Patients should be instructed on the proper use of their inhaler (see Patient's Instructions for Use).

Patients should be advised that although Atrovent® HFA (ipratropium bromide HFA) Inhalation Aerosol may have a slightly different taste and inhalation sensation than that of an inhaler containing Atrovent® (ipratropium bromide) Inhalation Aerosol CFC, they are comparable in terms of the safety and efficacy.

ATROVENT HFA Inhalation Aerosol is a solution aerosol that does not require shaking. However, as with any other metered dose inhaler, some coordination is required between actuating the canister and inhaling the medication.

Patients should “prime” or actuate ATROVENT HFA Inhalation Aerosol before using for the first time by releasing 2 test sprays into the air away from the face. In cases where the inhaler has not been used for more than 3 days, prime the inhaler again by releasing 2 test sprays into the air away from the face. Patients should avoid spraying ATROVENT HFA Inhalation Aerosol into their eyes.

The usual starting dose of ATROVENT HFA Inhalation Aerosol is two inhalations four times a day. Patients may take additional inhalations as required; however, the total number of inhalations should not exceed 12 in 24 hours.
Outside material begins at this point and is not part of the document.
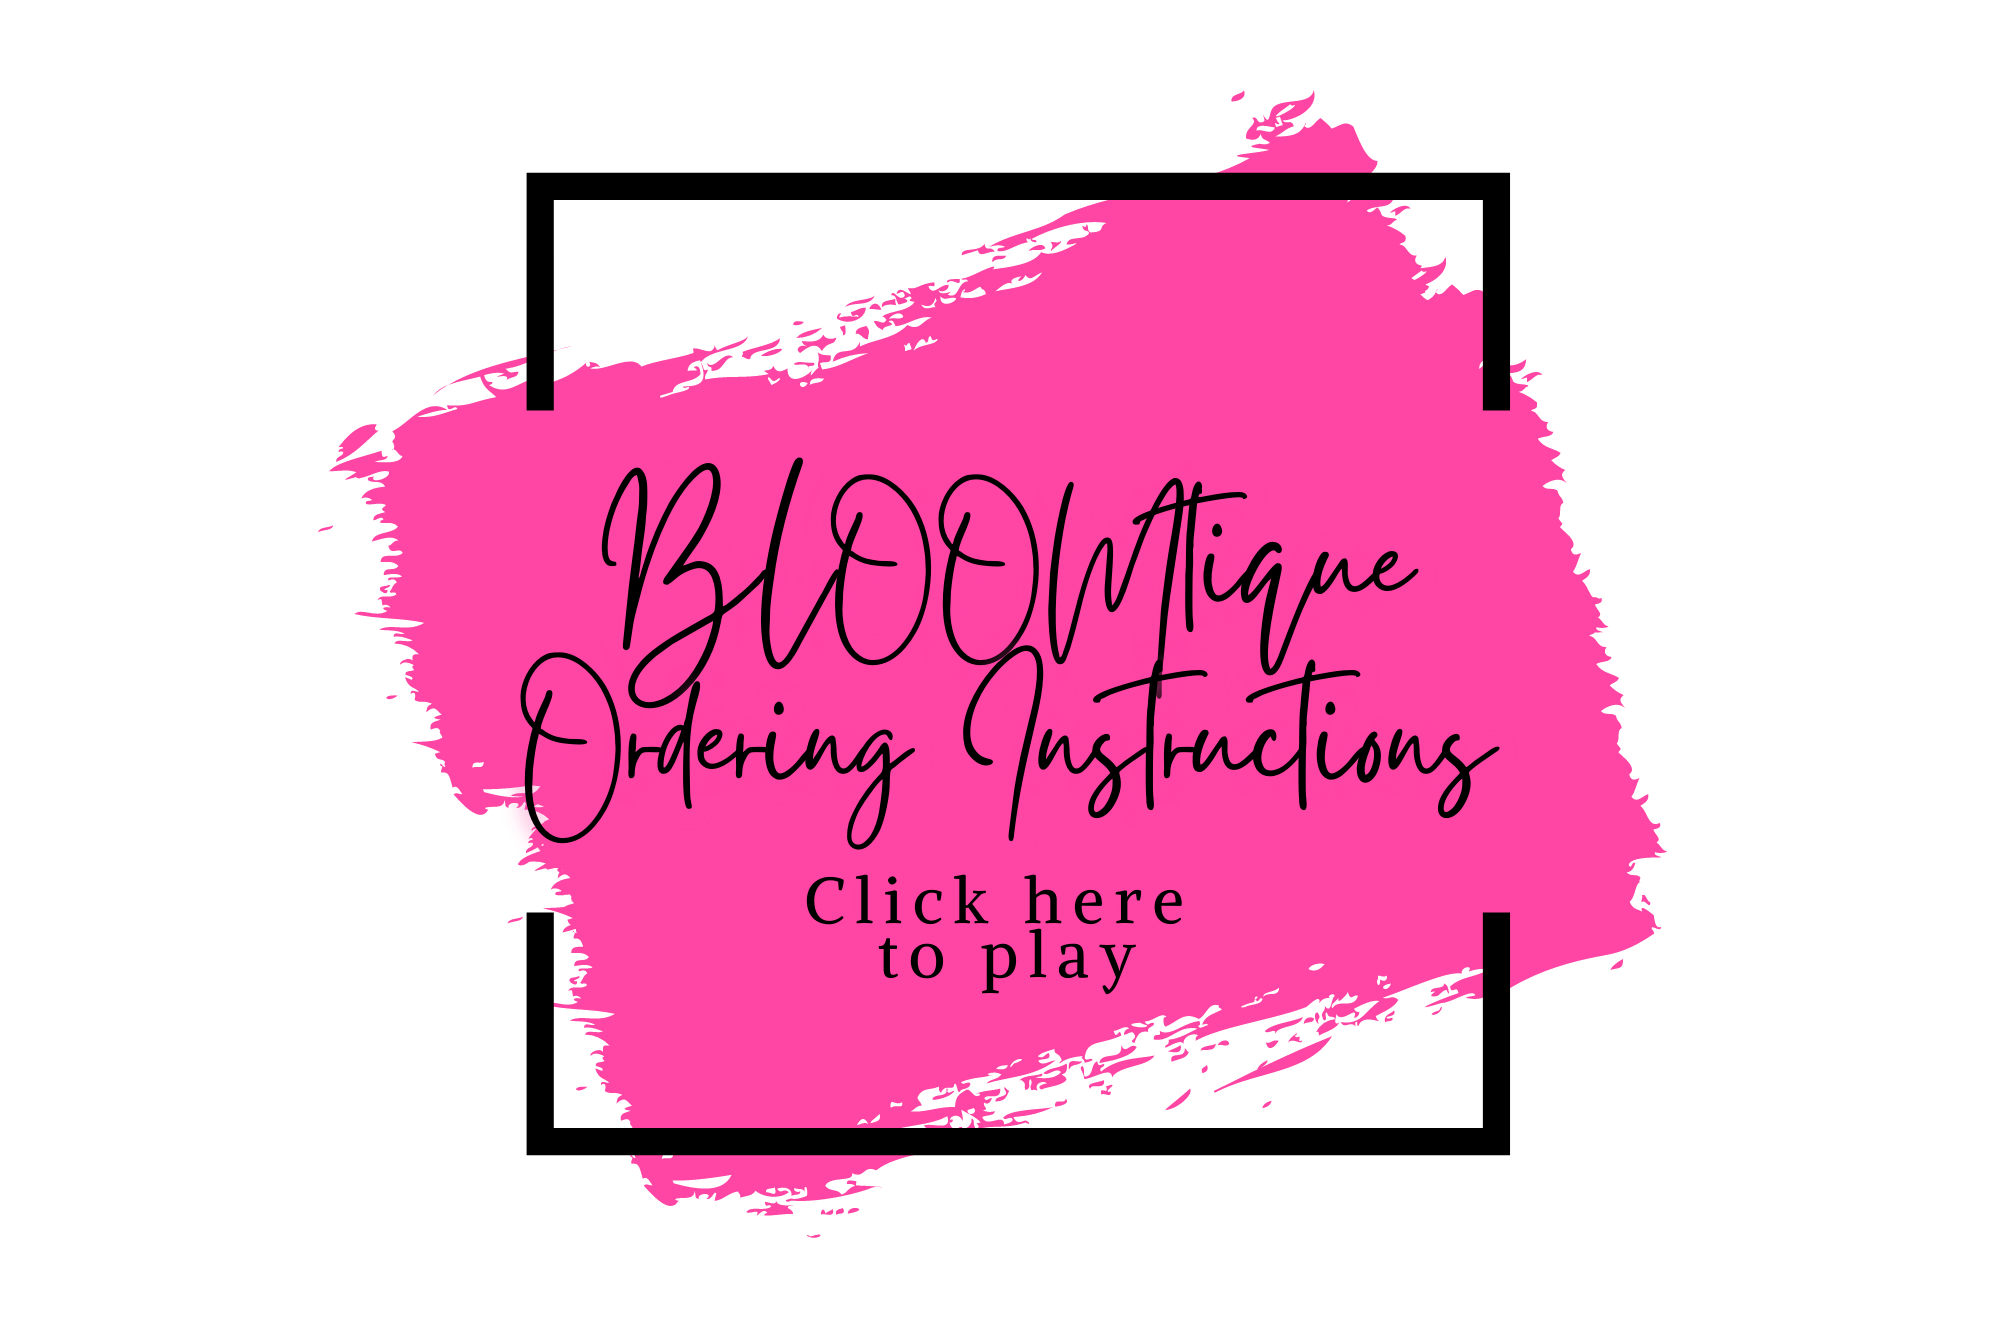 Load video: BLOOMtique Ordering Instructions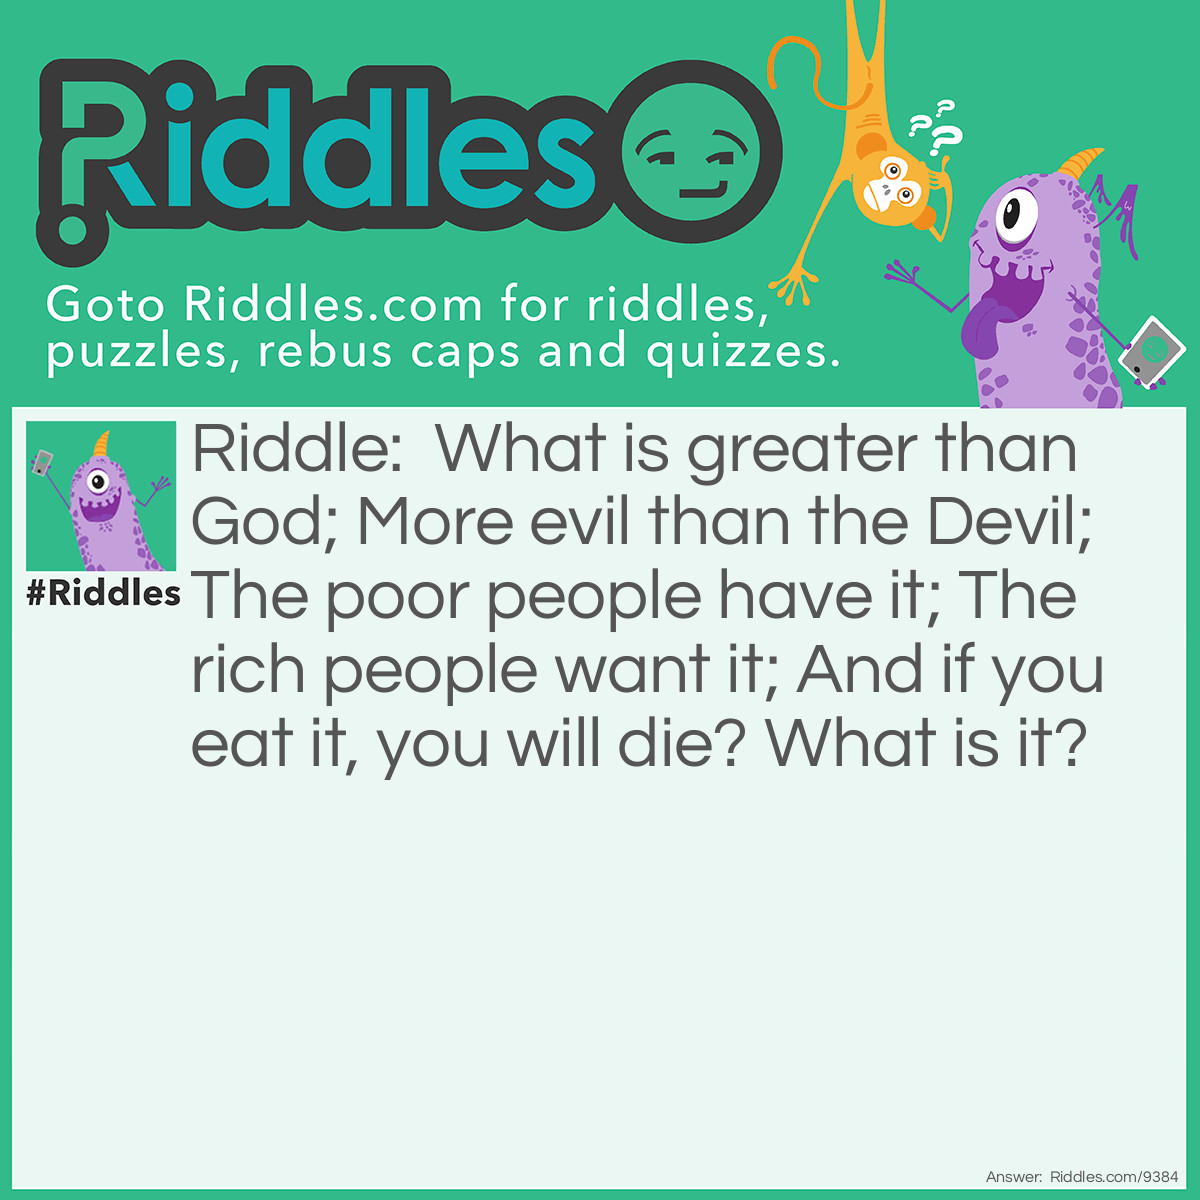 Riddle: What is greater than God; More evil than the Devil; The poor people have it; The rich people want it; And if you eat it, you will die? What is it? Answer: Nothing!

Each actuation of ATROVENT HFA Inhalation Aerosol delivers 17 mcg of ipratropium bromide from the mouthpiece.

ATROVENT HFA Inhalation Aerosol is supplied in a 12.9 g pressurized stainless steel canister as a metered-dose inhaler with a white mouthpiece that has a clear, colorless sleeve and a green protective cap (NDC 0597-0087-17).

The ATROVENT HFA Inhalation Aerosol canister is to be used only with the accompanying ATROVENT HFA Inhalation Aerosol mouthpiece. This mouthpiece should not be used with other aerosol medications. Similarly, the canister should not be used with other mouthpieces. Each actuation of ATROVENT HFA Inhalation Aerosol delivers 21 mcg of ipratropium bromide from the valve and 17 mcg from the mouthpiece. Each 12.9 gram canister provides sufficient medication for 200 actuations. The canister should be discarded after the labeled number of actuations has been used. The amount of medication in each actuation cannot be assured after this point, even though the canister is not completely empty.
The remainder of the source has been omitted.